UASC closes landmark $1.25bn loan facility

Dubai: United Arab Shipping Company (UASC) has closed a $1.251bn multitranche syndicated loan facility for the partial financing of seven 14,000 teu containerships and five 18,000 teu containerships. The facility is part of a larger $1.744bn  debt financing related to UASC’s announced $2.3bn capital expenditure program for 17 newbuilding container vessels. Deutsche Bank’s London branch acted as global coordinator to UASC for the entire $1.744bn debt financing. The 17 vessels include ten vessels for which shipbuilding contracts were signed in August 2013 with the remaining seven vessels being option vessels. The process of option vessels is still continuing.

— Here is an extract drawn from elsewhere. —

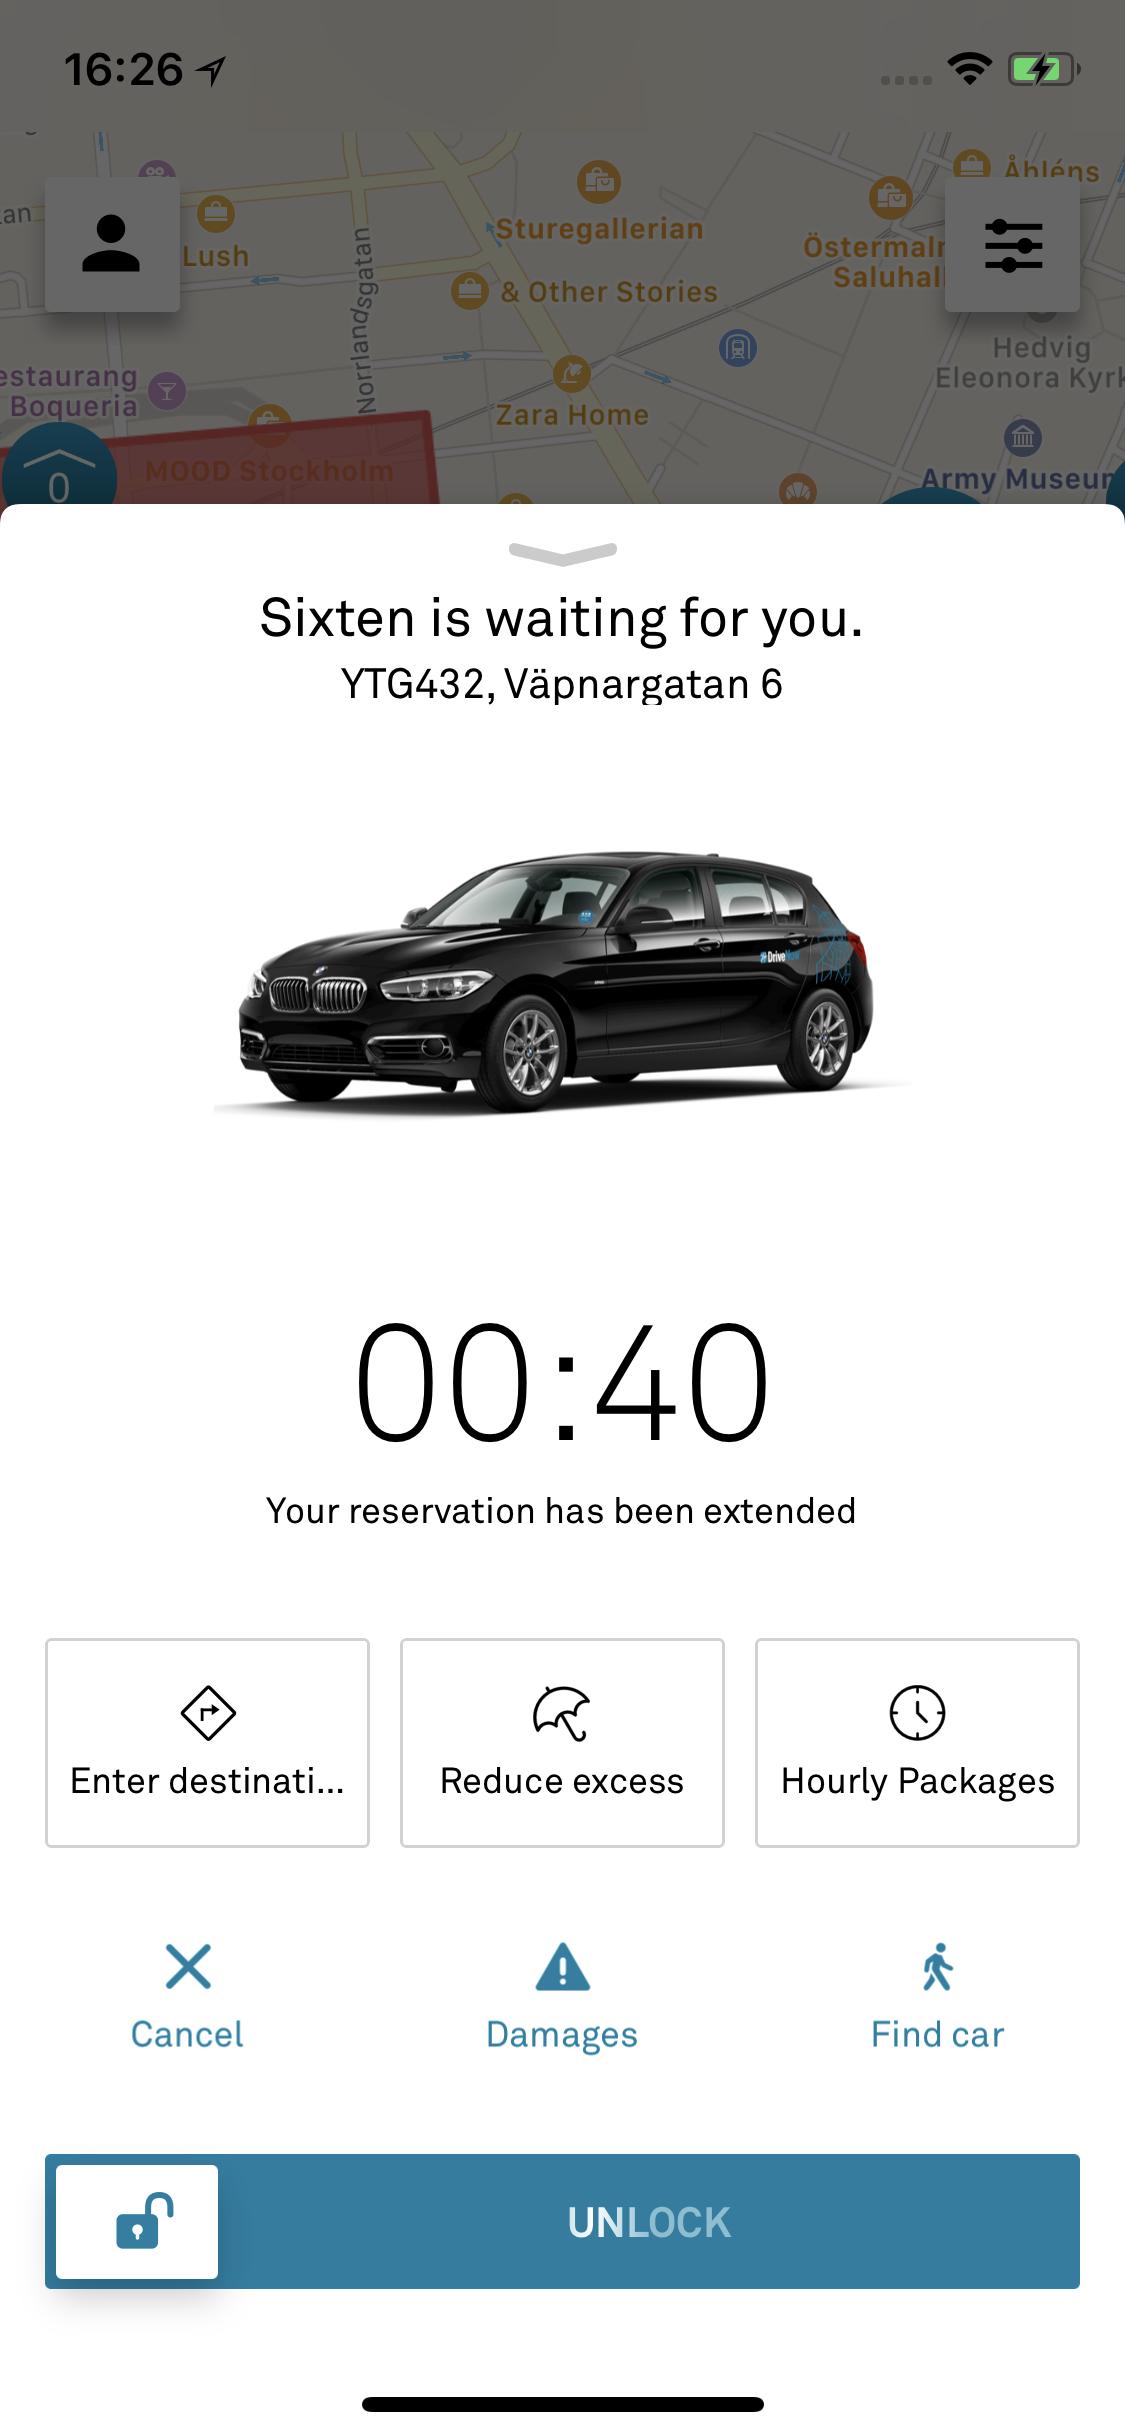 SE_carsharing_tips-tricks_extend-reservation

UASC has ordered the ultra large container ships from Hyundai Heavy Industries in South Korea. The vessels will be deployed as part of a 10 year strategic vessel sharing agreement between UASC and China Shipping Container Lines.

The facility finances 75% of the cost of the vessels and is comprised of a $439m commercial bank tranche, a $300m equivalent to Saudi Riyal tranche and a $512m tranche benefiting from 95% commercial and political risk insurance from Korea Trade Export Insurance Corporation. All tranches are fully repaid within 12 years from drawdown. The transaction was closed in an accelerated time frame within three months of formal launch. The landmark deal is one of the largest ship financing deals of 2013.

DB and Qatar National Bank acted as joint lead underwriters and lead bookrunners for the facility.
Basil Al-Zaid, UASC cfo, commented on the occasion of the closing of the syndicated loan facility: “In a capital intensive industry like container shipping, it is critical to invest in new assets to keep up with market growth and to expand. The unwavering commitment of our shareholders as well as the excellent support from our regional and international lenders has been fundamental to the successful closing of this facility. The oversubscription to the Facility by 2.2 times also shows the financial strength of UASC.”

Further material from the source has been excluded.